Epic Games is cutting more than 1,000 jobs after a sharp decline in Fortnite usage left the company spending far beyond what it was bringing in, according to comments shared by chief executive Tim Sweeney with employees on Tuesday, March 24. The move marks one of the most significant rounds of layoffs in the gaming sector this year and signals a major financial reset at the company behind one of the world’s best-known video game franchises.
The decision is especially striking because Fortnite has been more than just a successful title for Epic Games. It has served as the company’s biggest traffic engine, one of its strongest revenue pillars, and a central part of its broader entertainment and creator ecosystem. But once player usage began to fall in 2025, the economics behind that model became much harder to sustain.
In his message to staff, Sweeney said Epic had been spending “significantly more than we’re making” since Fortnite usage started to decline last year. That line captures the seriousness of the company’s position. This was not framed as a small operational adjustment or a temporary trim. It was presented as a response to a widening gap between costs and revenue, driven by weakening engagement in Epic’s flagship game.
Fortnite slowdown hits the company’s core business
Fortnite has been one of the defining digital entertainment products of the last decade, blending gaming, online community, live events, creator tools and branded collaborations in a way few other titles have matched. For years, that gave Epic a powerful commercial base. But the company is now facing the downside of relying so heavily on one dominant hit.
Once usage began to slide in 2025, Epic’s financial pressure appears to have intensified quickly. Lower player engagement can affect everything tied to a live-service title, from in-game purchases and seasonal participation to brand partnerships, creator activity and broader expectations around future growth. When that happens, a company built around scale can suddenly find that its spending levels no longer match demand.
The layoffs suggest Epic now sees that mismatch as serious enough to require sweeping action. Cutting more than 1,000 roles is not a marginal change. It is a sign that the company believes the fall in Fortnite activity is meaningful enough to reshape its operating structure.
More than $500 million in savings targeted
The job cuts are only one piece of Epic’s wider cost-reduction plan. Sweeney said the layoffs, together with more than $500 million in savings from other measures, would help reduce the company’s costs. That additional savings target is expected to come from cuts to contracting, lower marketing spending, and leaving roles unfilled.
Those details matter because they show Epic is not relying on layoffs alone. The company is pulling multiple levers at the same time in an attempt to bring expenses under control. Contracting reductions point to tighter use of outside support. Marketing cuts suggest a more cautious spending approach around growth and promotion. Leaving roles unfilled signals that Epic is freezing or slowing hiring rather than immediately replacing departures across the business.

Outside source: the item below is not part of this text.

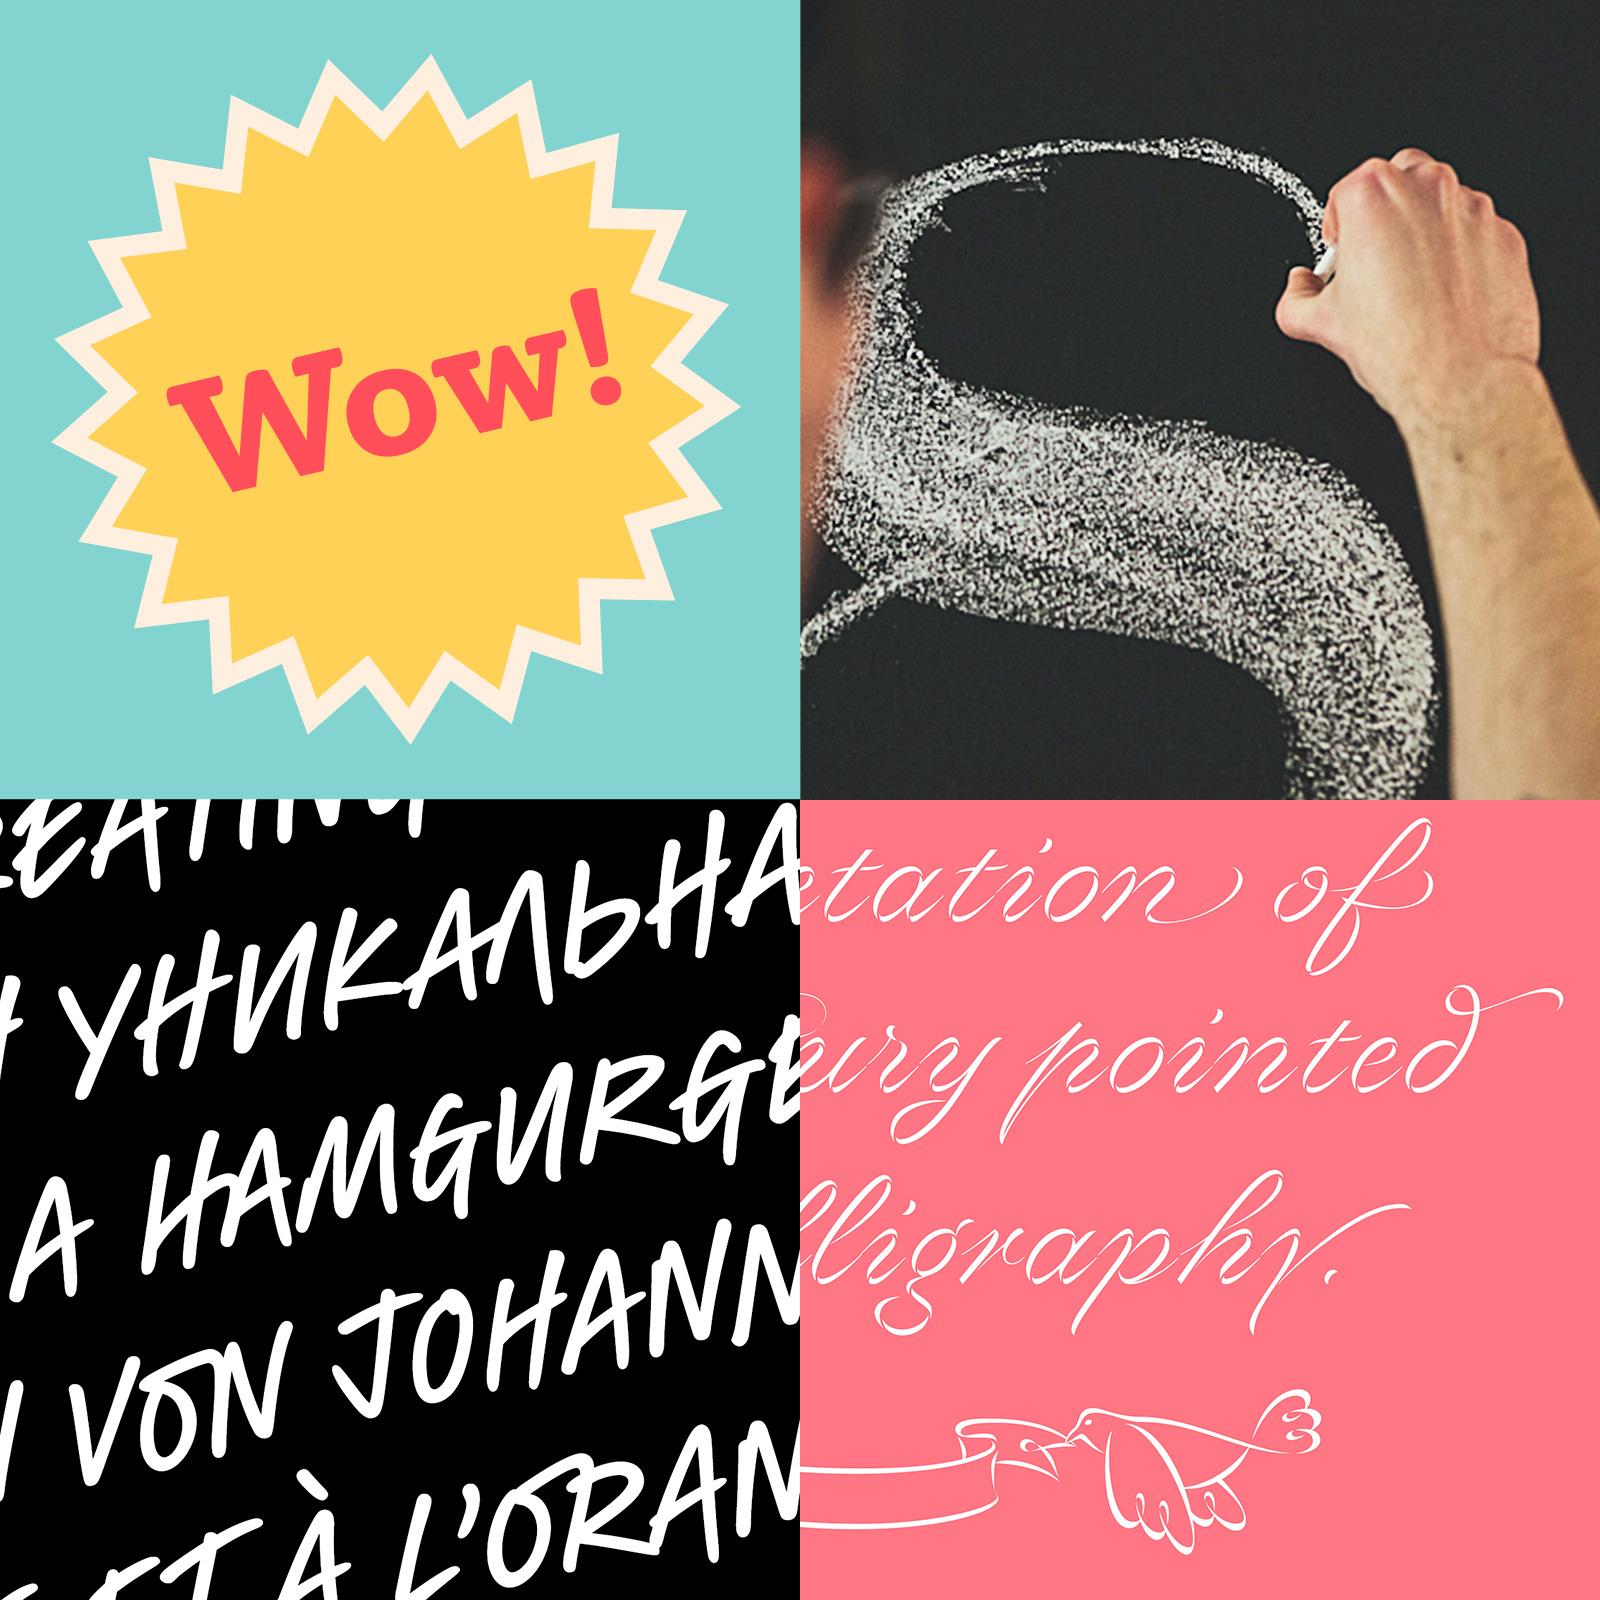 thur_22nd_10am5pm_brdisplay_typeface_workshop_dalton_maag

Taken together, these actions reflect a company moving away from aggressive expansion and toward discipline. They also indicate that the gap between revenue and spending was large enough to require a broader restructuring, not just a one-off workforce reduction.
As reported by Reuters, Epic linked the cost-cutting program directly to the decline in Fortnite usage and to the company’s need to lower spending after operating above its means.
A major reality check for Epic Games
Epic has long been viewed as one of the gaming industry’s boldest companies, helped by Fortnite’s global popularity and the wider influence of its game development ecosystem. That reputation made the latest announcement more jarring. A company associated with scale, ambition and cultural reach is now publicly acknowledging that its finances were under strain after usage in its biggest product softened.
The language used by Sweeney also gives the layoffs a more urgent tone. By telling employees that Epic had been spending significantly more than it was making, he was not presenting the situation as a soft slowdown. He was describing a deeper imbalance. For investors, workers and industry observers, that signals that Fortnite’s slowdown has had a direct and material impact on Epic’s internal planning.
This matters beyond one company. The gaming business has become increasingly dependent on long-running live-service models that require constant updates, marketing, support teams and content investment. That structure can work extraordinarily well while engagement remains high. But when player attention shifts, the fixed costs of maintaining those ecosystems can become a major burden.
Why this moment matters for the industry
Epic’s move is likely to be read as a warning sign across the broader games sector. It shows that even the biggest titles are not guaranteed to hold their audience forever, and that large-scale entertainment platforms can still face abrupt financial pressure when usage weakens. The company’s decision to combine layoffs with savings from contracting, marketing and unfilled roles shows how seriously management is treating the situation.
For Epic, the next chapter will depend on whether it can steady Fortnite, manage costs more effectively and keep its broader ecosystem attractive to players, creators and partners. The company still has enormous brand value and deep influence in digital entertainment. But this round of layoffs makes clear that past success is no protection when the numbers start moving in the wrong direction.
More than 1,000 jobs are being cut, more than $500 million in additional savings are being targeted, and Fortnite’s 2025 usage decline is now reshaping one of gaming’s biggest companies. That combination makes this one of the defining gaming business stories of 2026 so far.